-- Data section follows --

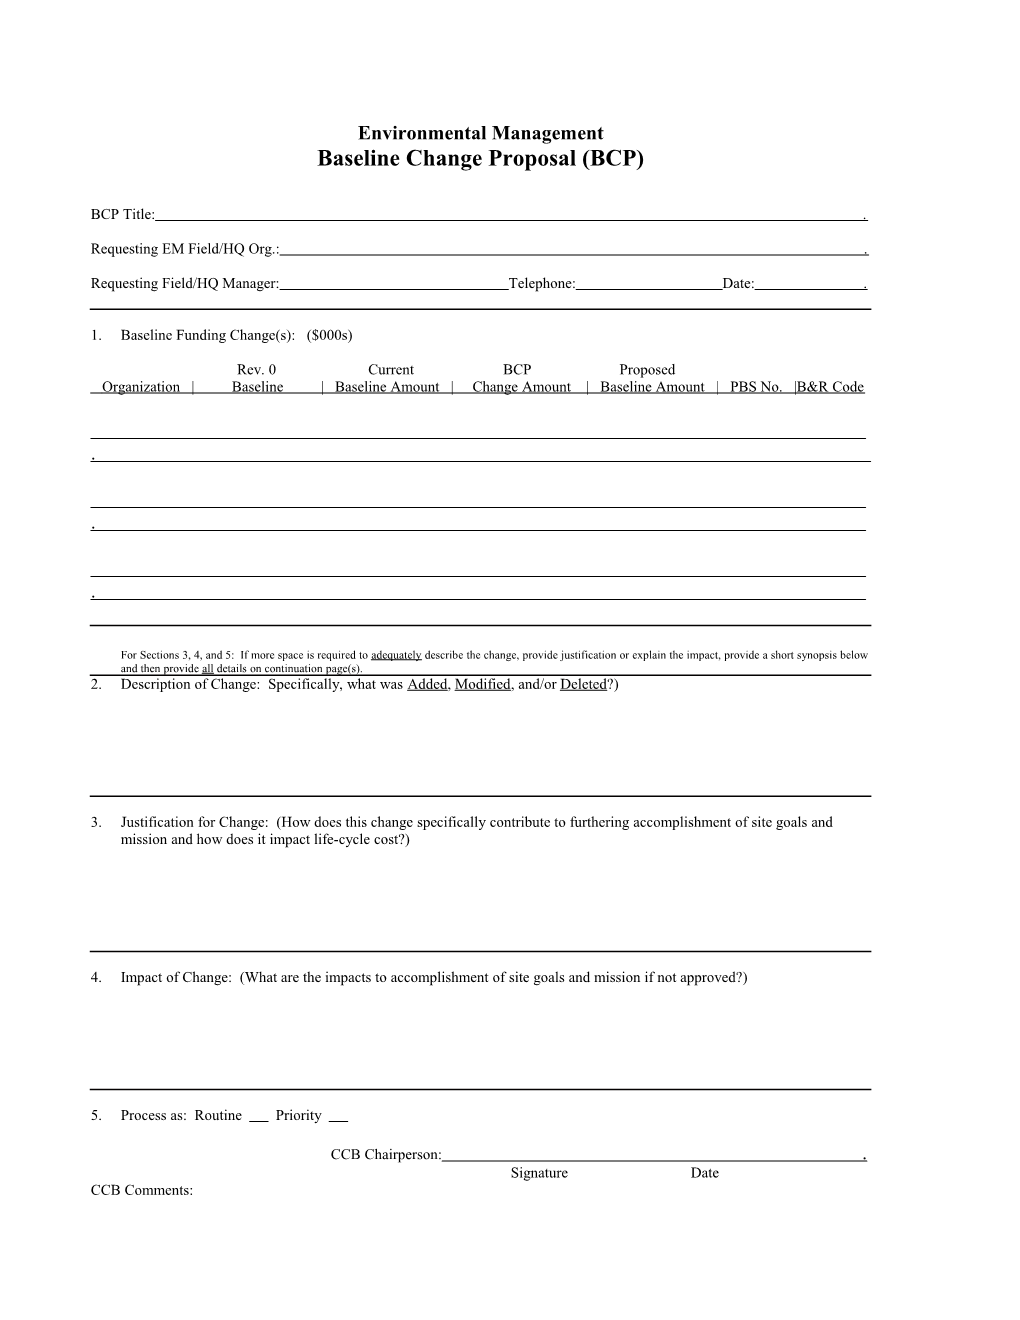 EM-1 Approved WIPP Baseline Shipping Schedule Change Proposal Instructions
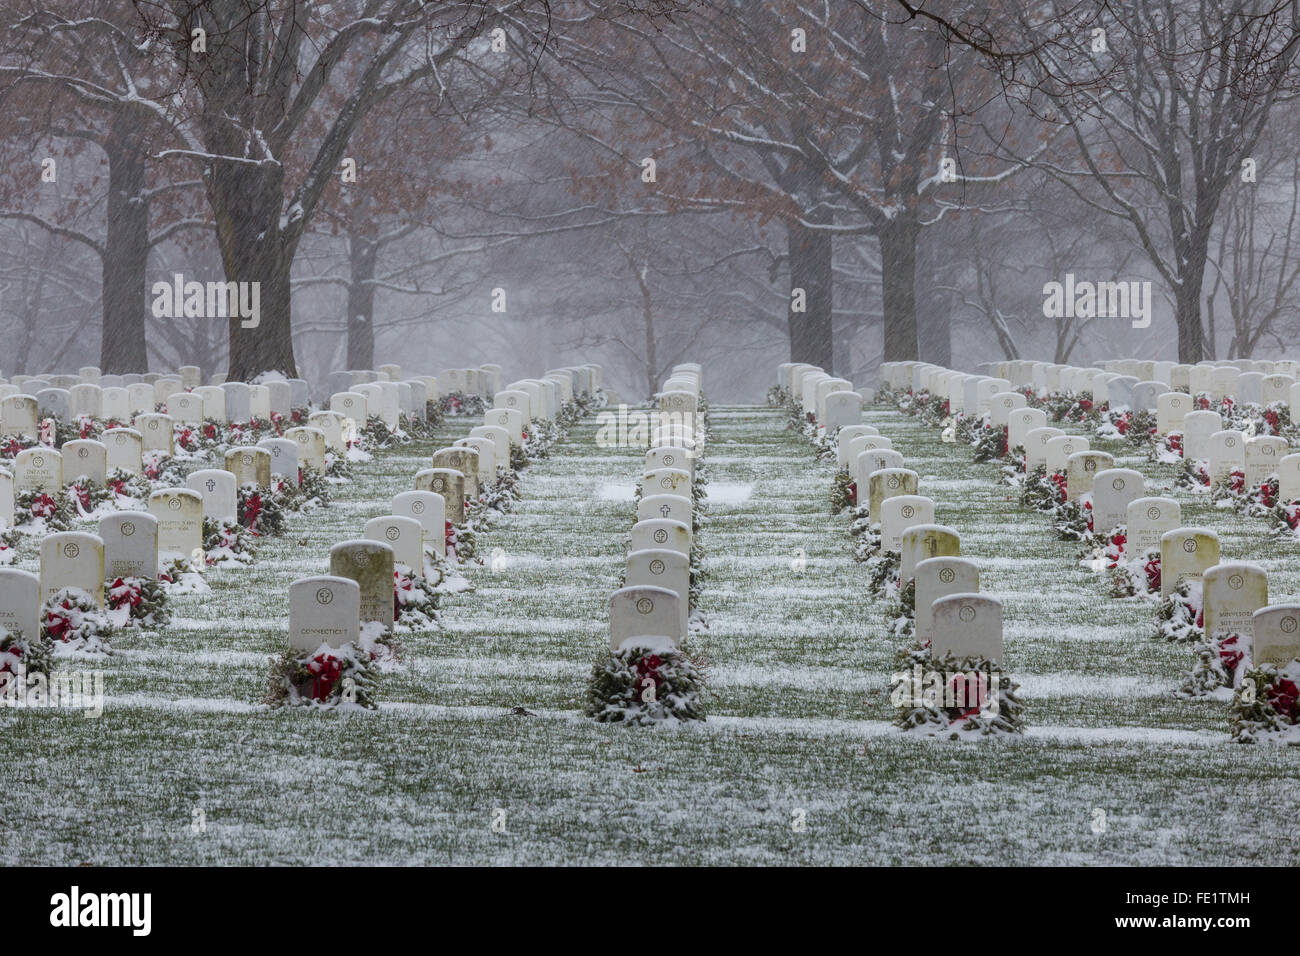 Snow begins to cover the headstones and wreaths from Wreaths Across America at Arlington National Cemetery Stock Photo
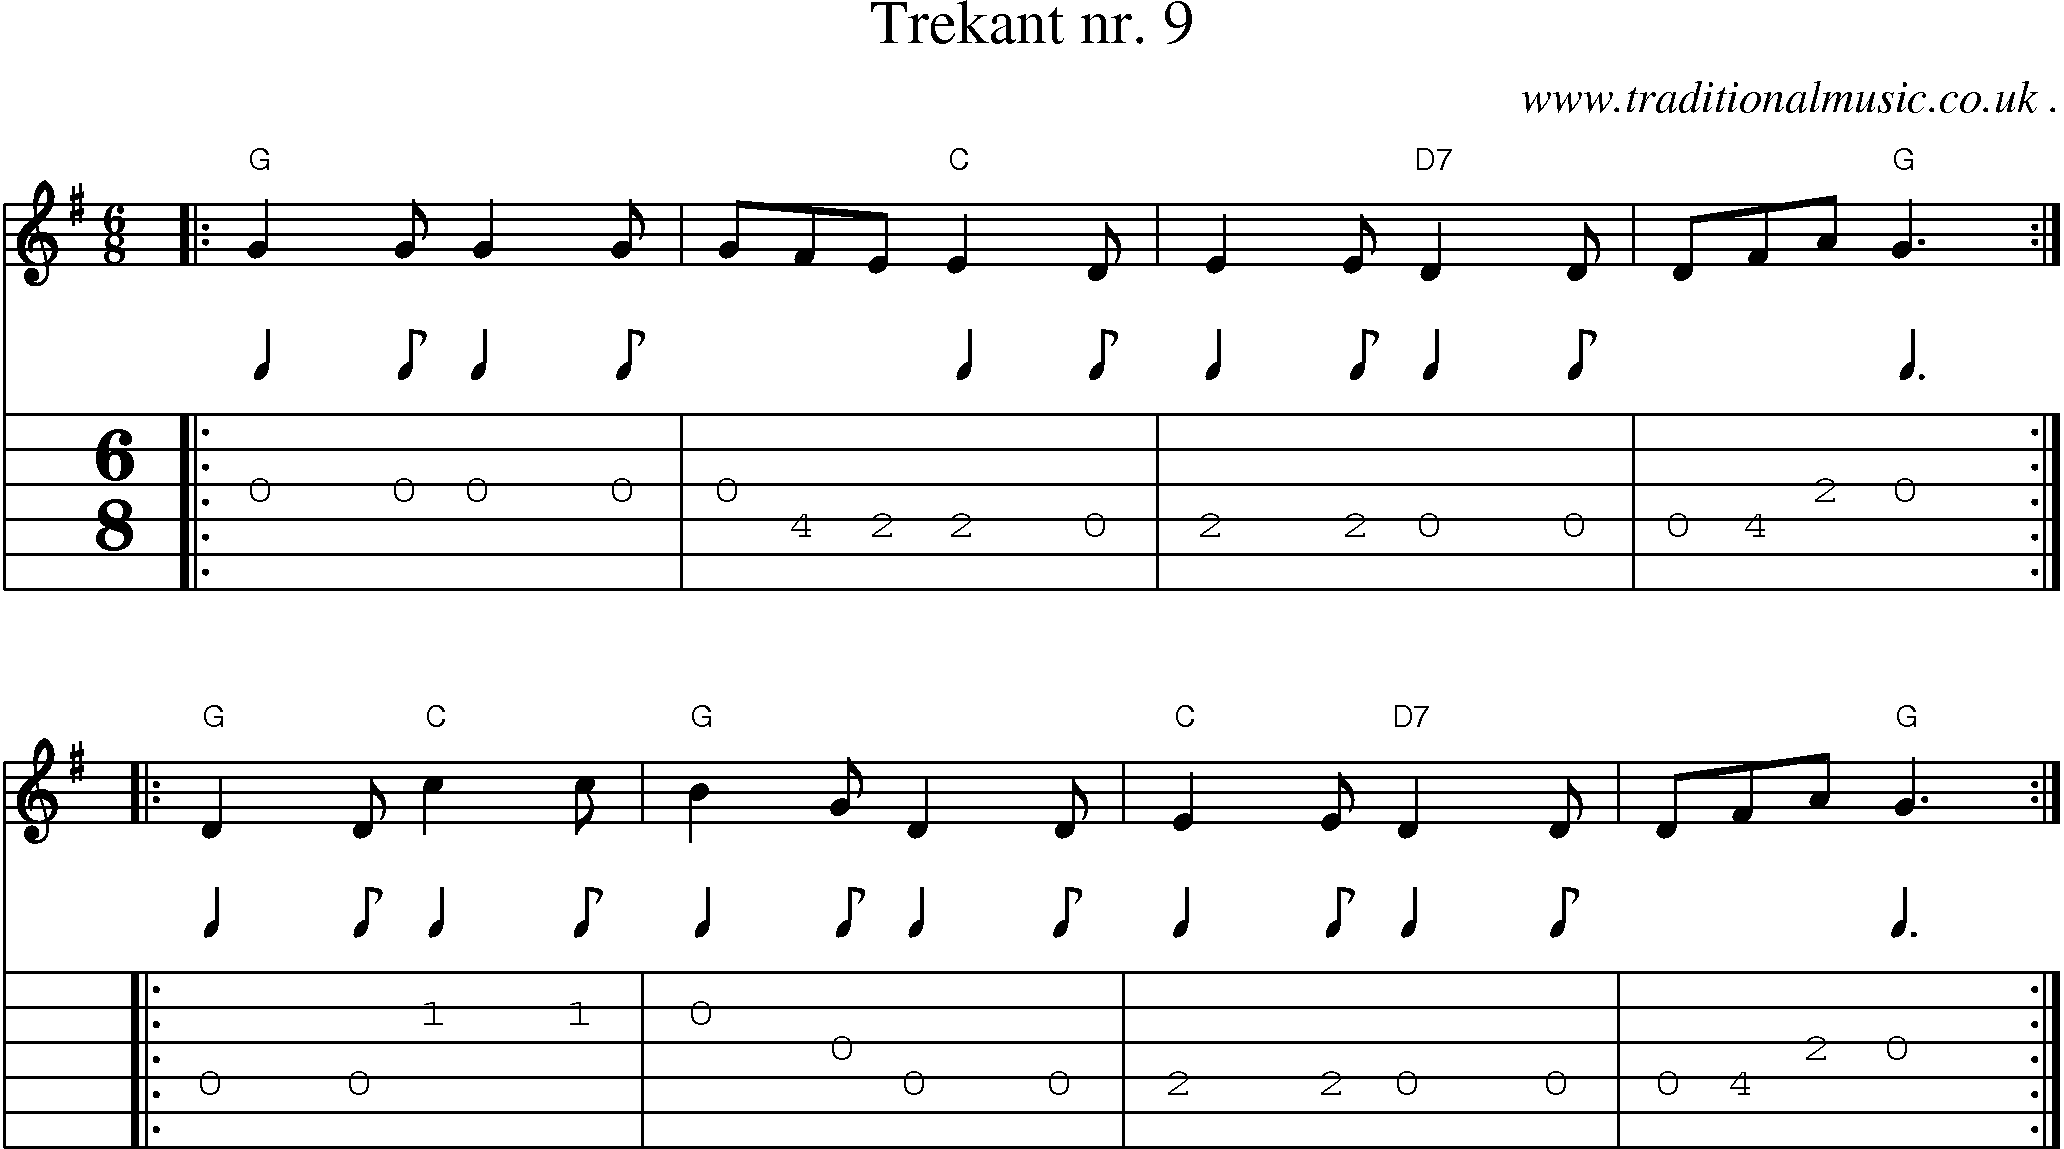 Sheet-music  score, Chords and Guitar Tabs for Trekant Nr 9

-- Data section concluded --

Exercise brief
Please transcribe each line above exactly, but leave the images out.

Task answer
 EM-1 Approved WIPP Baseline Shipping Schedule Change Proposal Instructions
 Snow begins to cover the headstones and wreaths from Wreaths Across America at Arlington National Cemetery Stock Photo
 Sheet-music  score, Chords and Guitar Tabs for Trekant Nr 9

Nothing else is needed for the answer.